- **Task to carry out**
Restate word for word the lines in the listing below, starting at the line containing "Авиакомпаний душанбе. Авиакомпания" and ending at the line containing "Vintage Chicago Bulls", both included; leave out the rest.

- **Provided records**

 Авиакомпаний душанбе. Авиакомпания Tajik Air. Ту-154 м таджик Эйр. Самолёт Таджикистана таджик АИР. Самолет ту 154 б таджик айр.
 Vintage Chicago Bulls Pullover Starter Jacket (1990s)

---

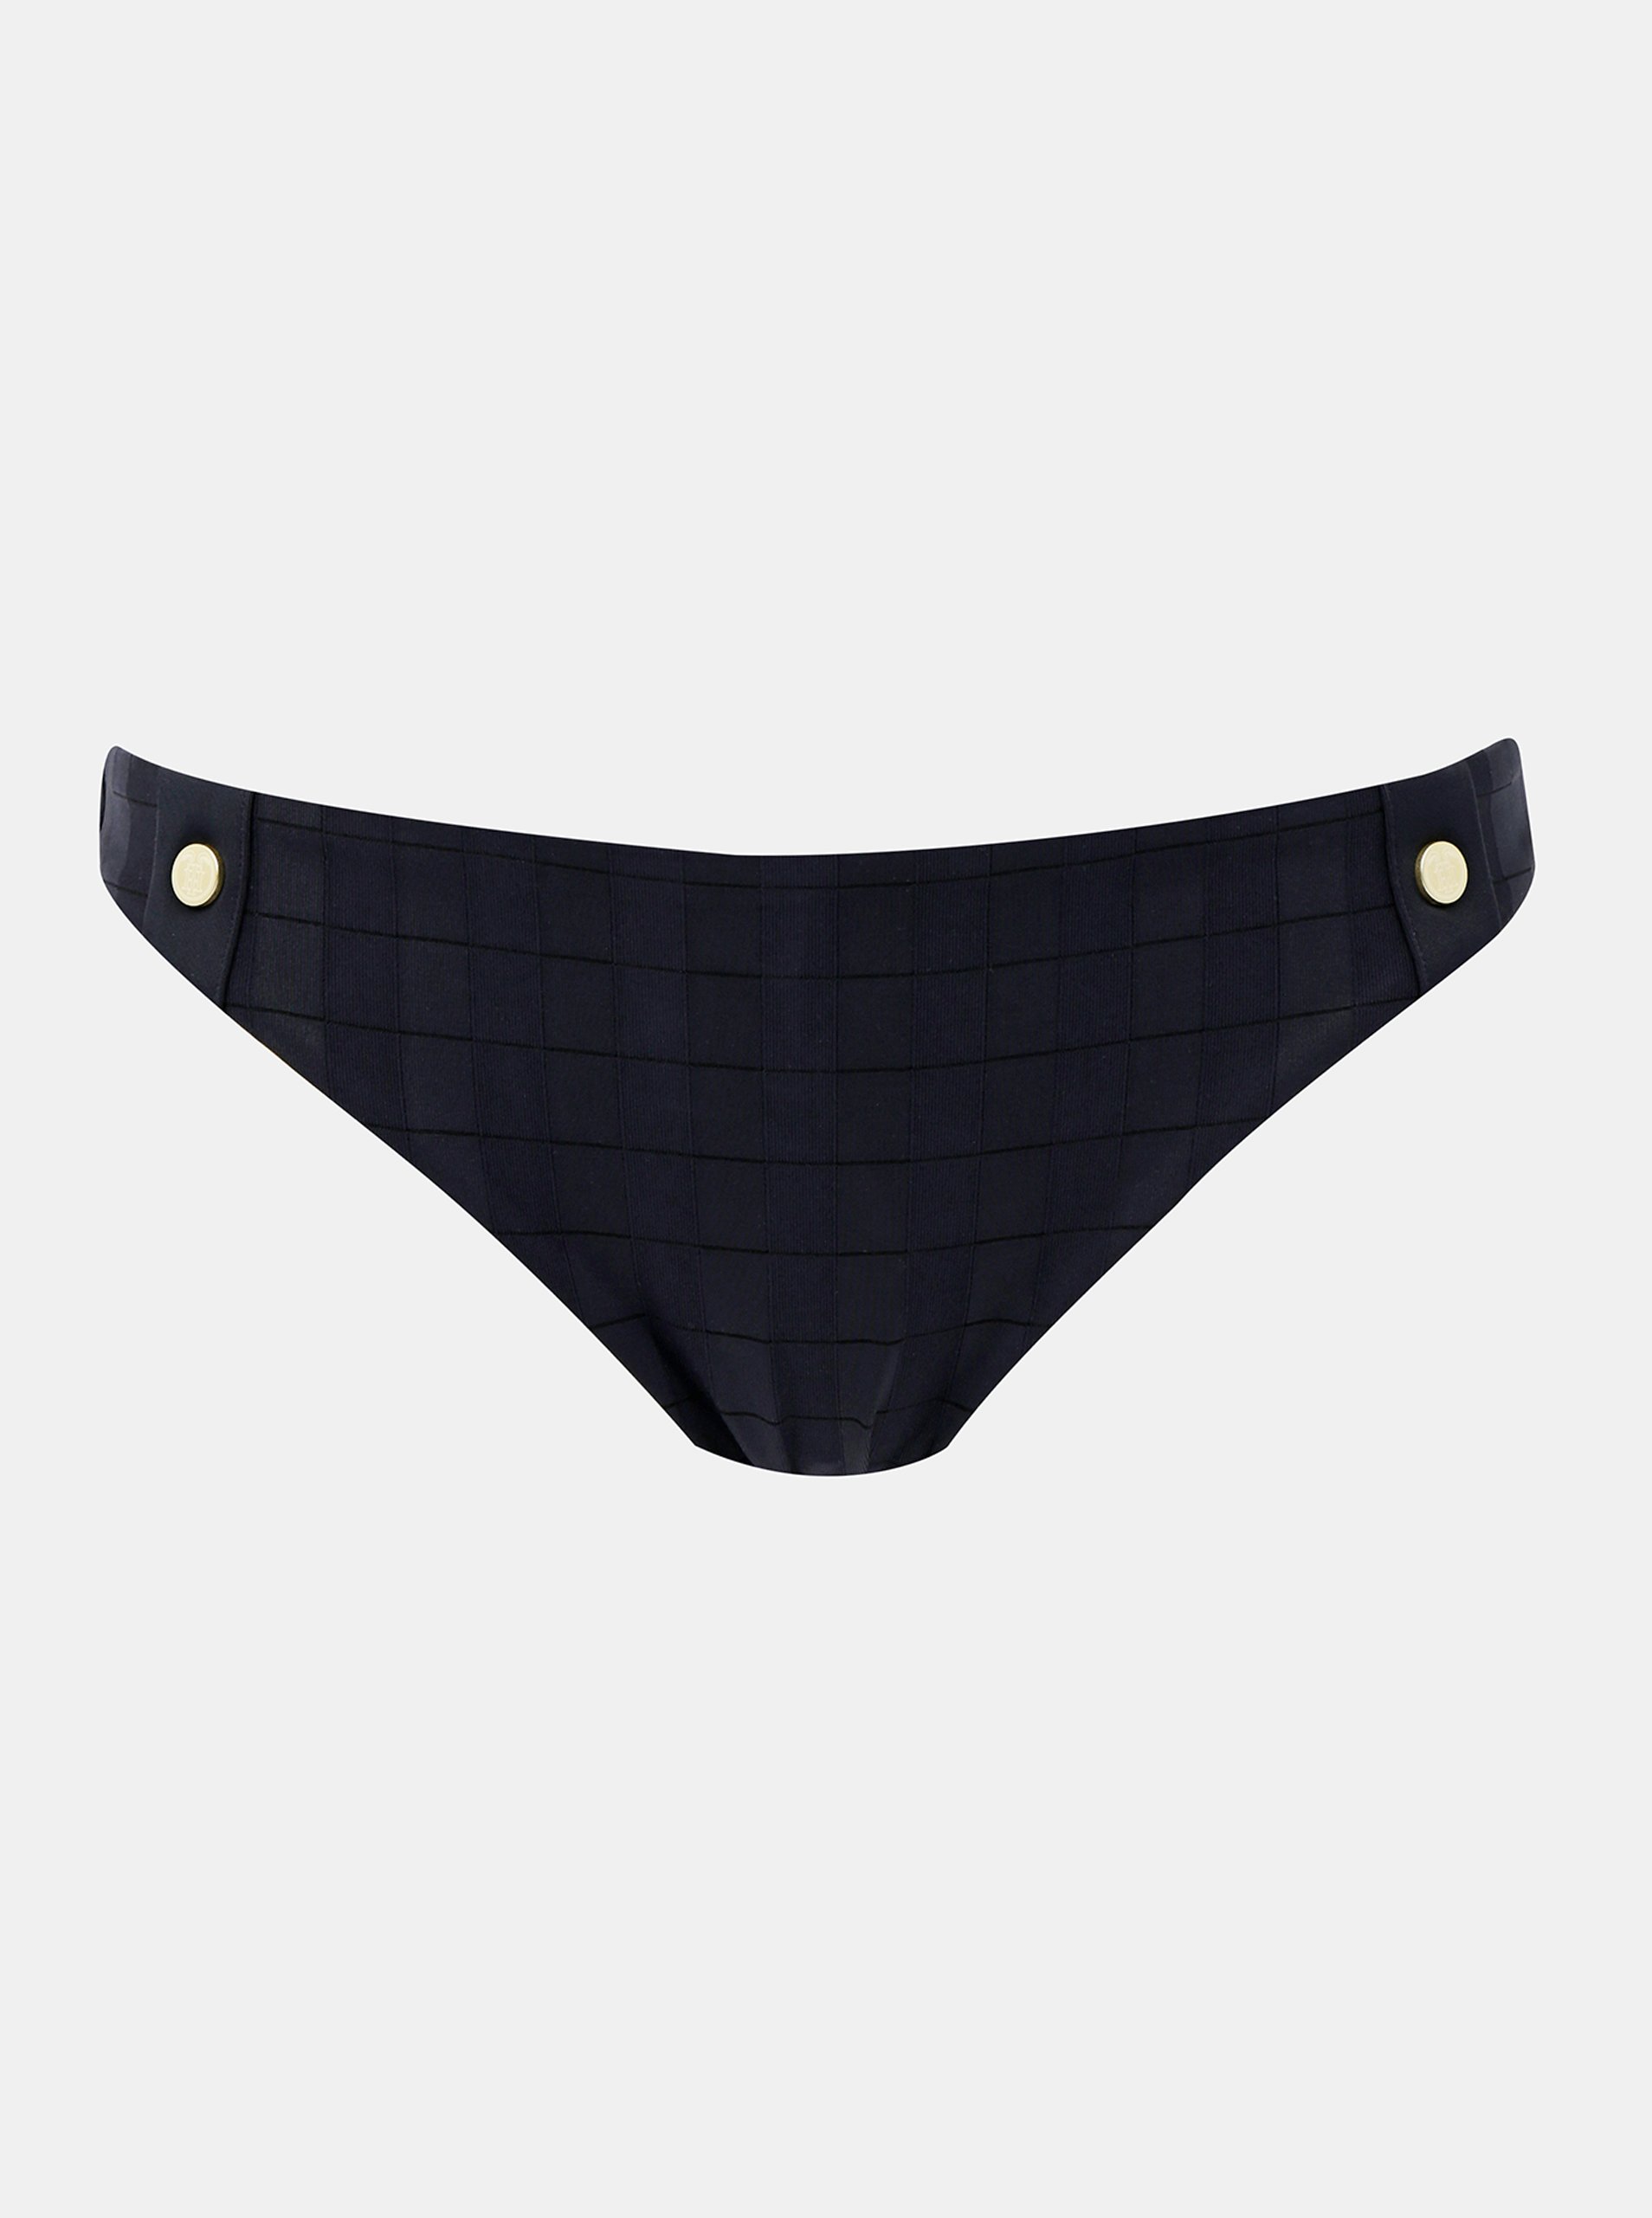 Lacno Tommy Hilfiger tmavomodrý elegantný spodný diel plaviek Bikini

* * *

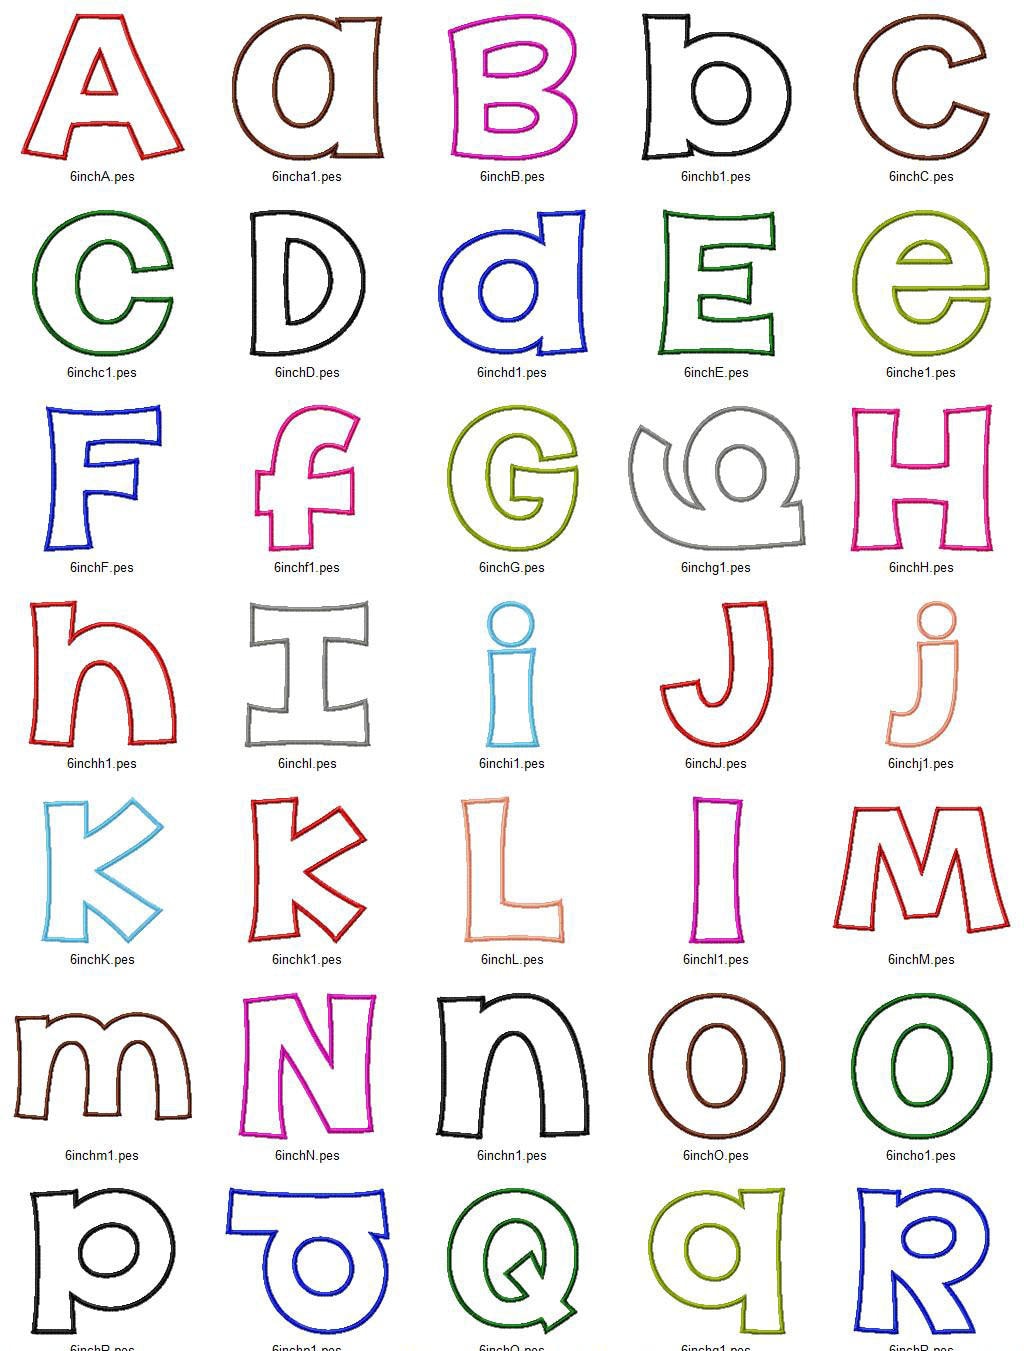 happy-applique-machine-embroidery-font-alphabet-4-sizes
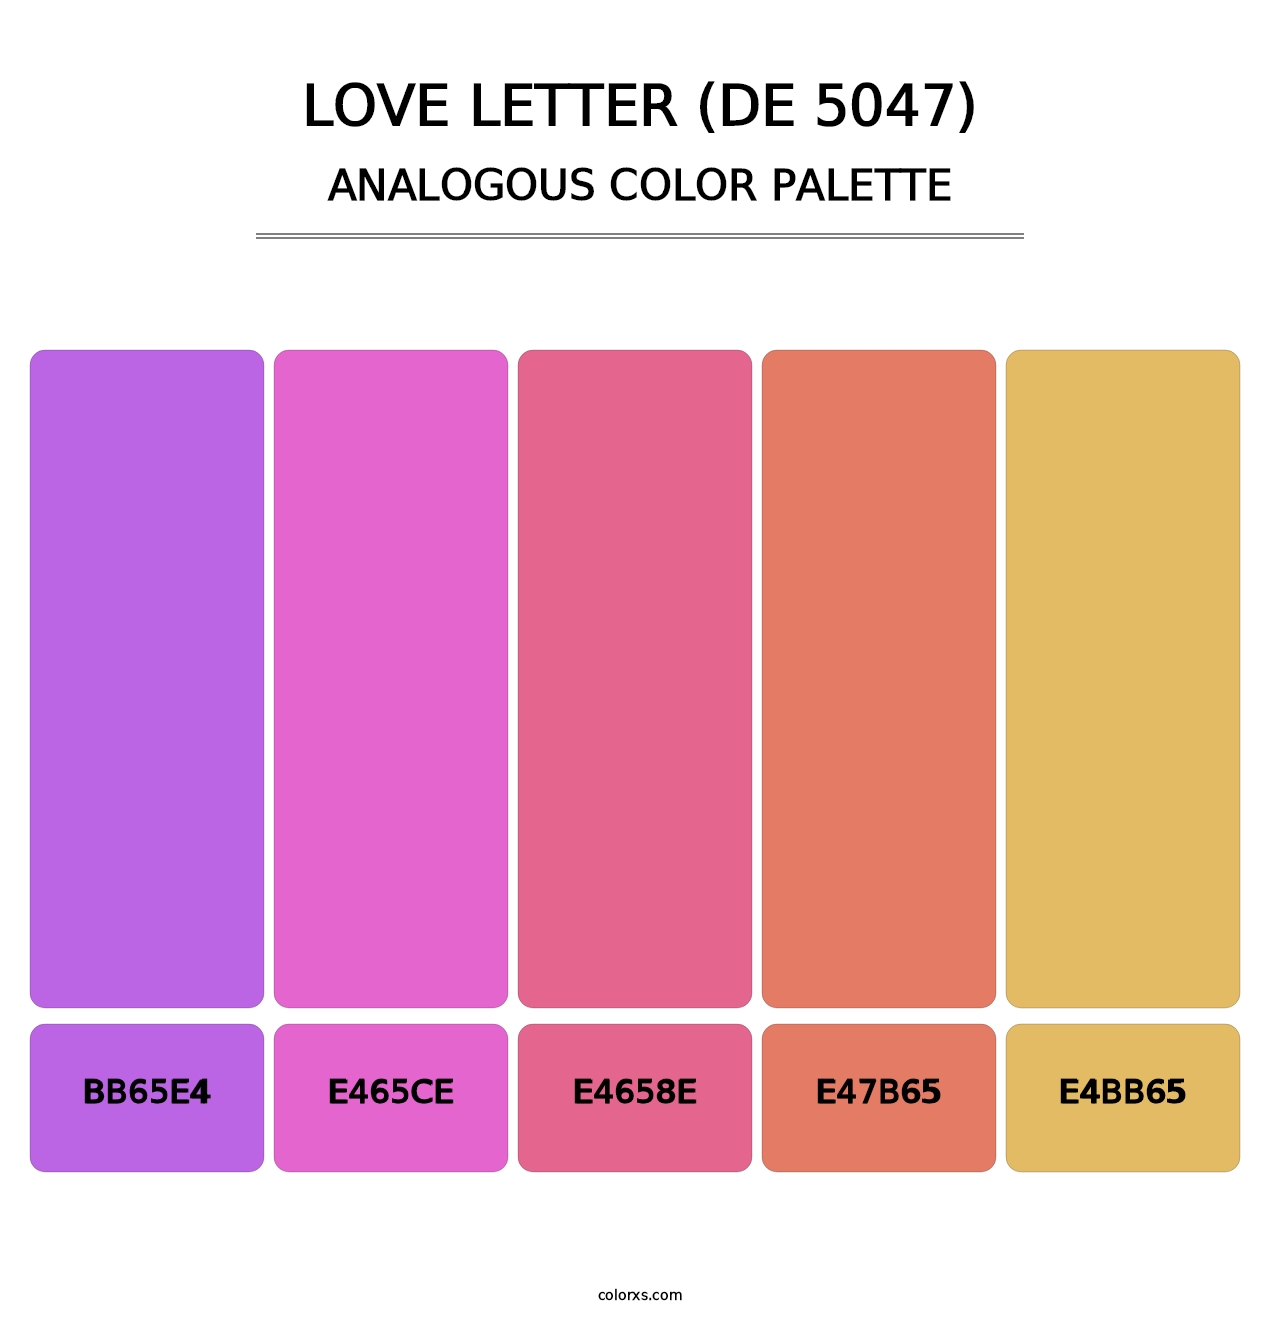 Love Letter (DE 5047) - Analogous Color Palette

- **Task solution**
 Авиакомпаний душанбе. Авиакомпания Tajik Air. Ту-154 м таджик Эйр. Самолёт Таджикистана таджик АИР. Самолет ту 154 б таджик айр.
 Vintage Chicago Bulls Pullover Starter Jacket (1990s)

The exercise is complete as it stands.